* **Directions for this task**:
The answer must consist solely of the lines from the line with "Small italian apo" to the final line of the data below, reproduced exactly, pictures omitted.

* **Material provided**:
=== Section Start ===
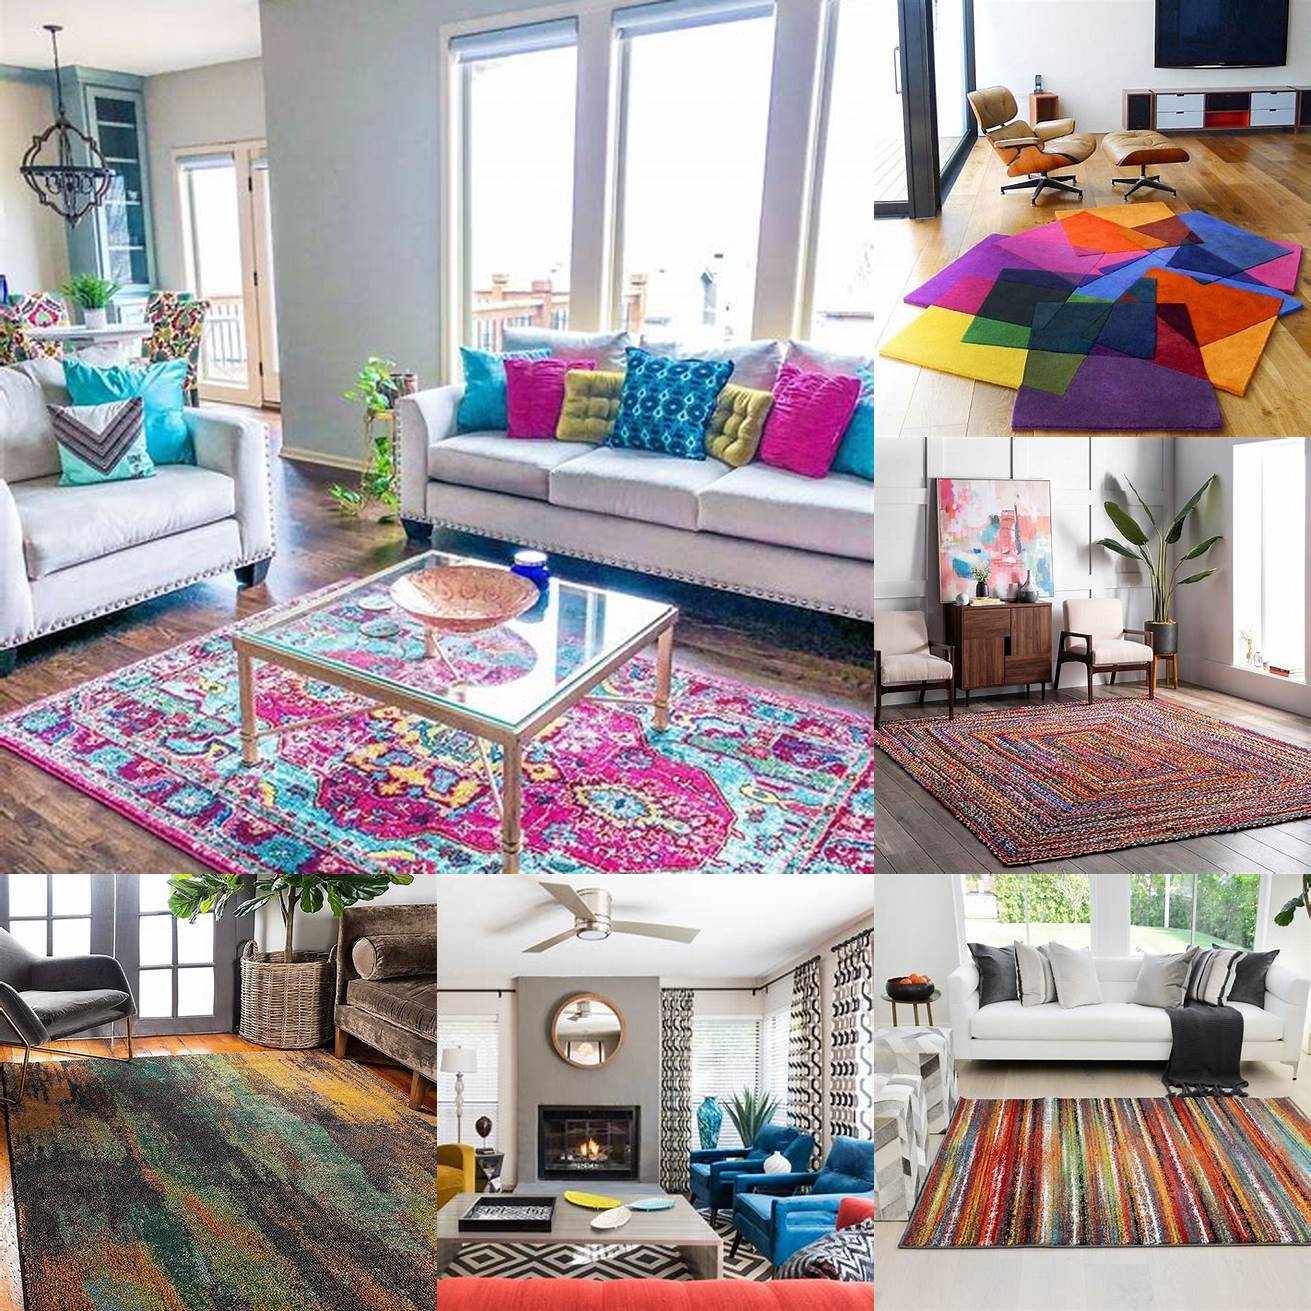 3 Add a pop of color with an area rug
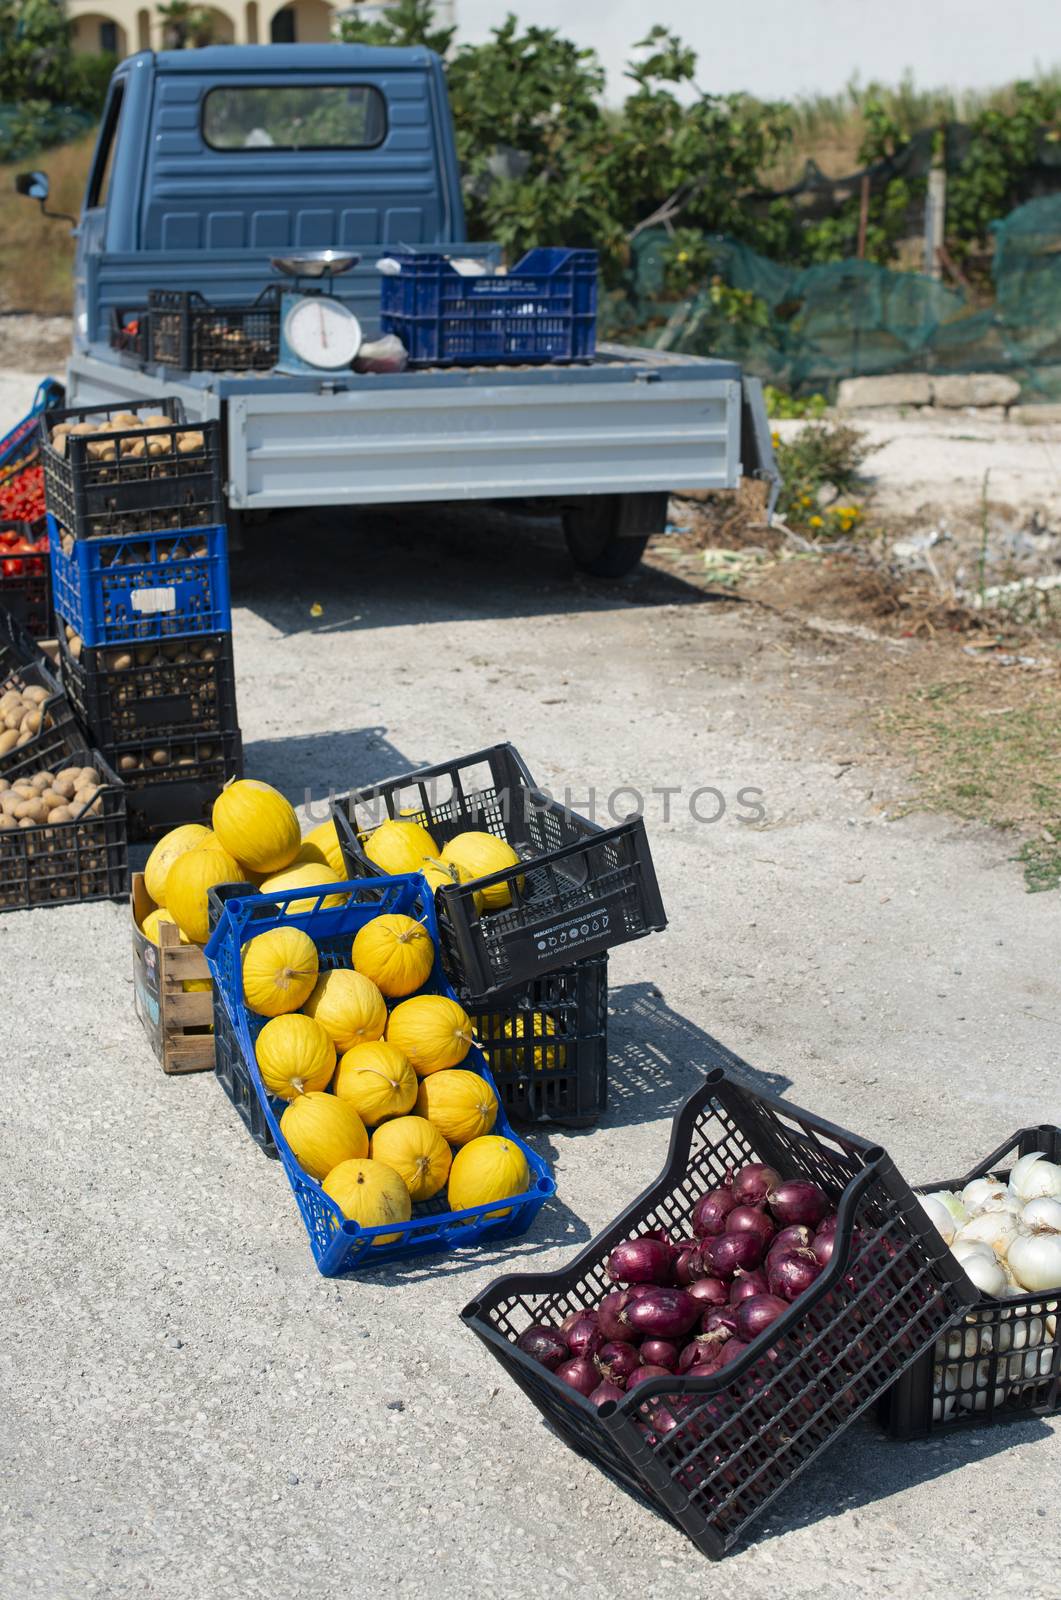 Small italian apo truck. Street vegetable market. Farmer sale melons and onion on the street in Italy.
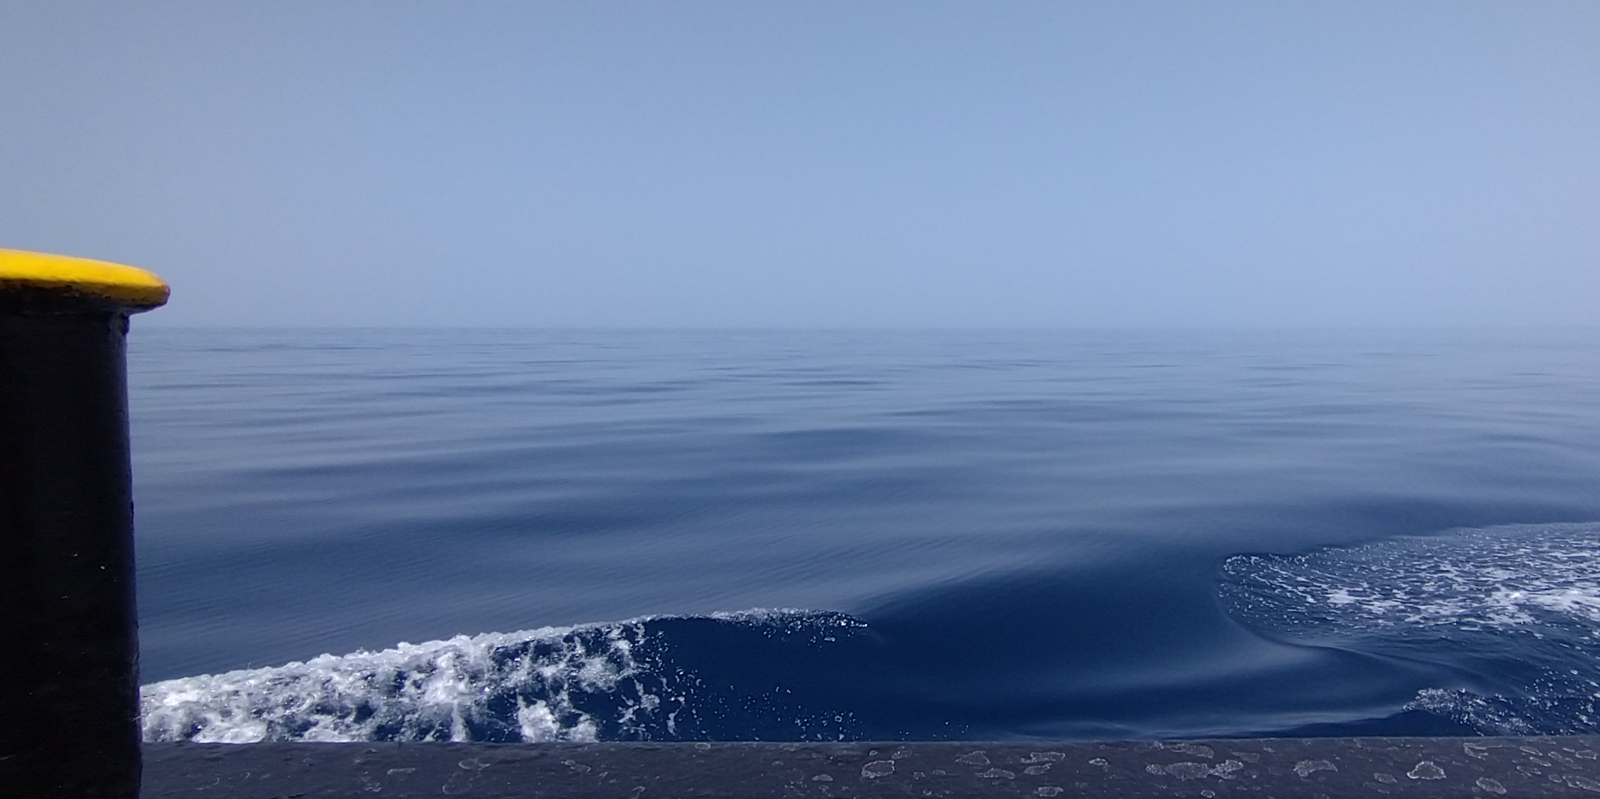 Never before had I seen such a flat ocean surface; as if there is a fat layer of oil keeping the waves down.
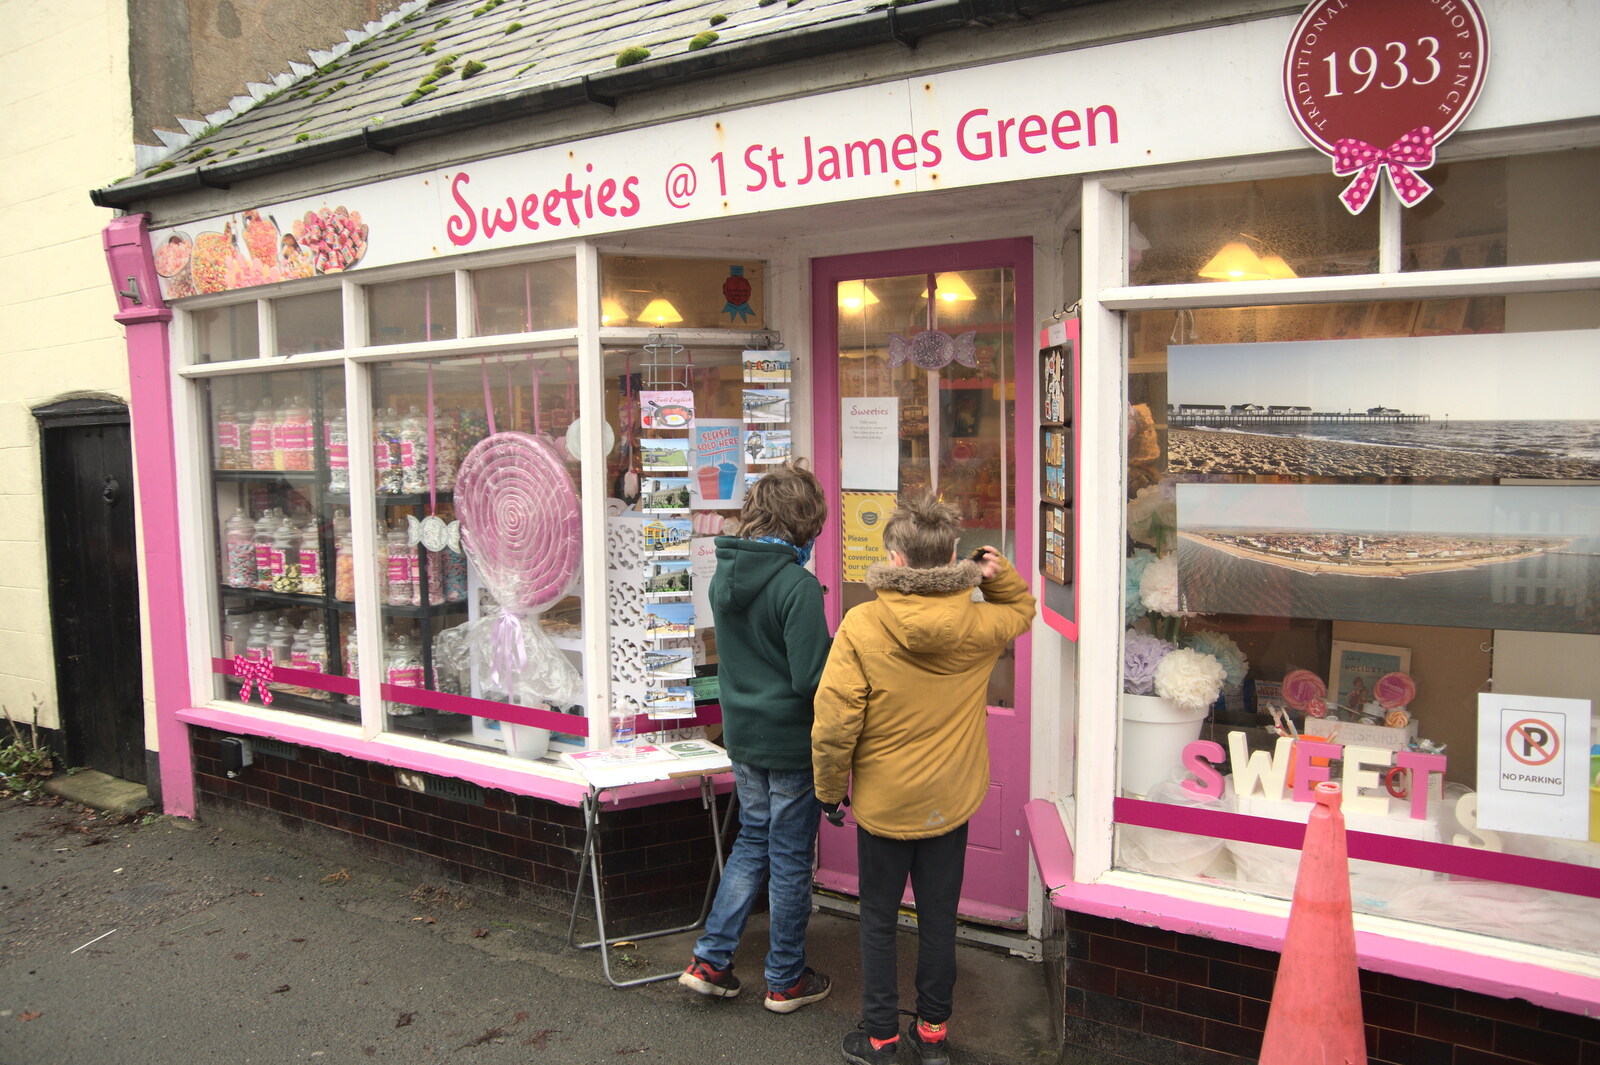 The boys head into Sweeties on St. James Green from A Few Hours at the Seaside, Southwold, Suffolk - 27th December 2021
=== Section End ===
* **Completed task**:
 Small italian apo truck. Street vegetable market. Farmer sale melons and onion on the street in Italy.
 Never before had I seen such a flat ocean surface; as if there is a fat layer of oil keeping the waves down.
 The boys head into Sweeties on St. James Green from A Few Hours at the Seaside, Southwold, Suffolk - 27th December 2021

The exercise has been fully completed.